POSTCARDS: Martín Almirón on Opening the Stage to the Community That Sustains Tango

POSTCARDS: Martín Almirón on Opening the Stage to the Community That Sustains Tango

Published on May 26, 2026

Martín Almirón is a tango artist, educator, and creator of Starry Night Tango, a New York-based performance platform where tango students and teachers dance together onstage.

The 3rd Edition of Starry Night Tango returns on Saturday, May 30, 2026

Hungarian House of New York, 213 E 82nd Street, New York, NY 

Admission: Early bird, $25 | General admission, $35

Tickets: Eventbrite, Venmo or Zelle (+1 845 597 8080)


Performance at the first edition of Starry Night Tango. Photo courtesy of Martín Almirón


I grew up in a family where dance was part of daily life. My family had a dance school, and from a very young age I understood that dance does not live only in performance. It also lives in teaching, correction, repetition, and transmission. By the time I was around fourteen, I was already teaching. That experience shaped the way I listen to dancers, observe their process, and help each person grow according to their own needs and potential.

That way of understanding dance has stayed with me throughout my life as a tango artist and educator, and it is at the heart of why I created Starry Night Tango.

For people outside the tango world, it may help to explain that tango is not only a stage form. It is also a social dance culture. Many people study tango seriously for years not because they are training for a professional career, but because tango becomes part of their lives. They take classes, private lessons, workshops, and go to milongas.

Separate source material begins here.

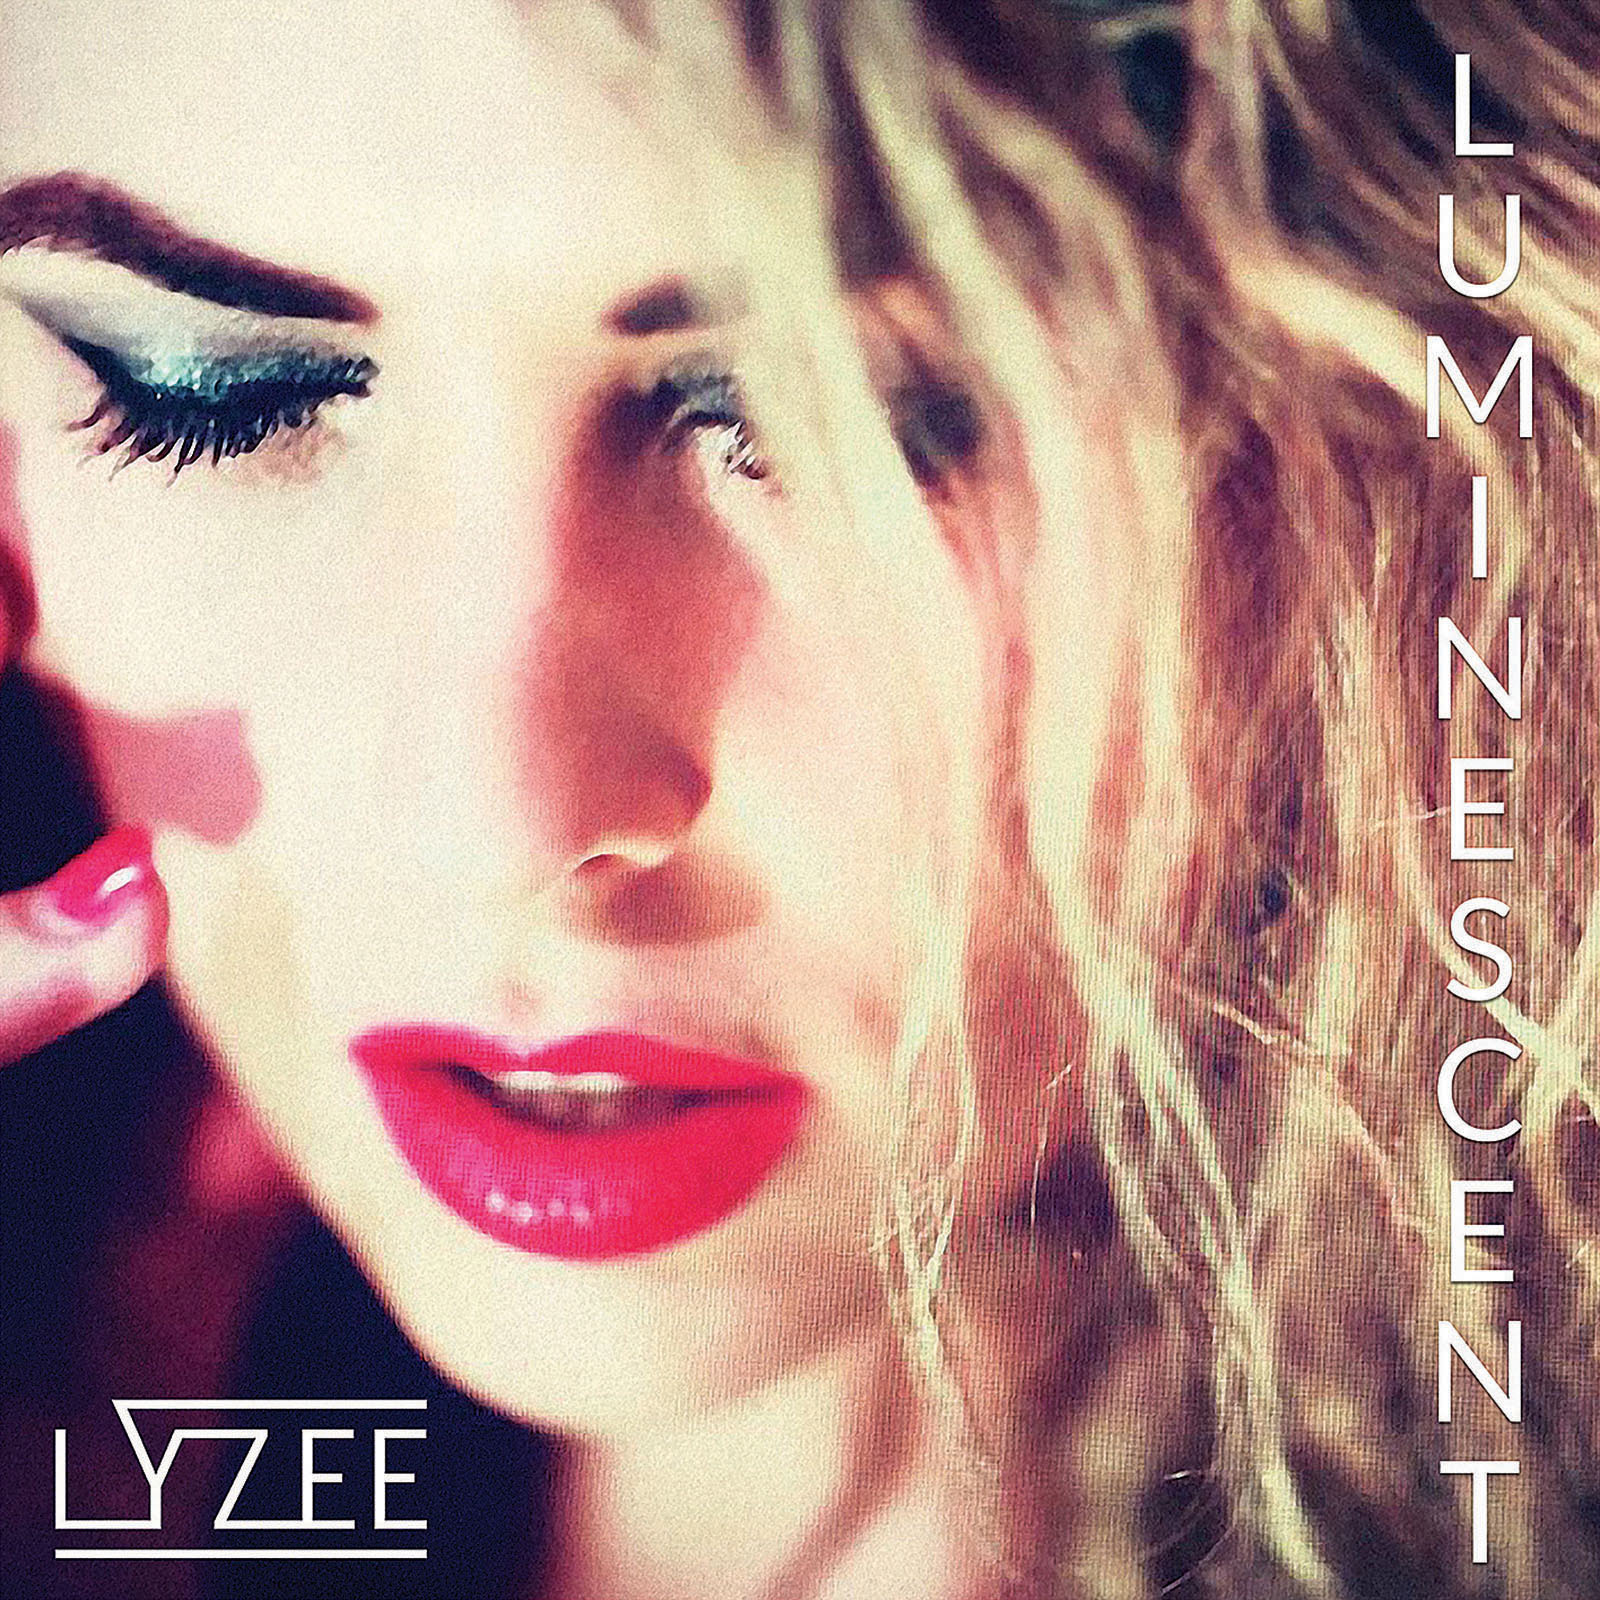 LYZEE Luminescent EP

They support teachers, musicians, events, and the larger ecosystem that keeps tango alive.

Performance at the second edition of Starry Night Tango. Photo courtesy of Martín Almirón


Teachers hold another essential part of that world together. In tango, a teacher does much more than explain steps. A teacher transmits musicality, history, style, values, and a way of understanding the dance. Tango educators are artists, mentors, and cultural leaders, yet that work is often most visible in the studio and not on the stage.

That stayed with me for a long time. I kept thinking about the fact that the broader tango community is the one sustaining this tradition, and yet there are very few spaces that truly reflect that reality. Students dedicate years to learning. Teachers dedicate years to guiding, refining, and transmitting. Both are central to the life of tango. Both deserve recognition.

I created Starry Night Tango as a response to that need: a performance platform where students and teachers dance together onstage, revealing the process of transmission — how tango is learned, embodied, and shared across generations. I wanted to open the stage to the people who sustain tango, while also honoring the cultural leadership of its educators and creating more space for artistic expression and belonging within the community.
 

Pairings at the second edition of Starry Night Tango. Photo courtesy of Martín Almirón


From the beginning, it was clear that this idea resonated. The first edition brought together 17 couples. By the second, nearly 30 couples participated, including dancers traveling from outside New York City. What has stayed with me most, though, is how people describe the experience.

Some participants told us that the showcase created a bridge between learning and artistry. Others reflected that milongas, workshops, festivals, group classes, and private lessons are all part of a long educational journey, and that this performance space gave them a chance to share what they had been building for years on the dance floor.

That response means a great deal to me, because it shows that the project is giving form to something people had felt for a long time. For students, the stage offers recognition, confidence, and a way to express themselves artistically within a dance they love. For teachers, it honors the often invisible labor of mentorship and makes their role visible as artists, educators, and transmitters of culture.
 

Group photo at the second edition of Starry Night Tango. Photo courtesy of Martín Almirón
 

I believe education is what sustains a tradition. That is what I hope Starry Night Tango contributes: a place where students and teachers share the stage, where growth and artistry are both valued, and where tango can continue to live through the people who devote themselves to it.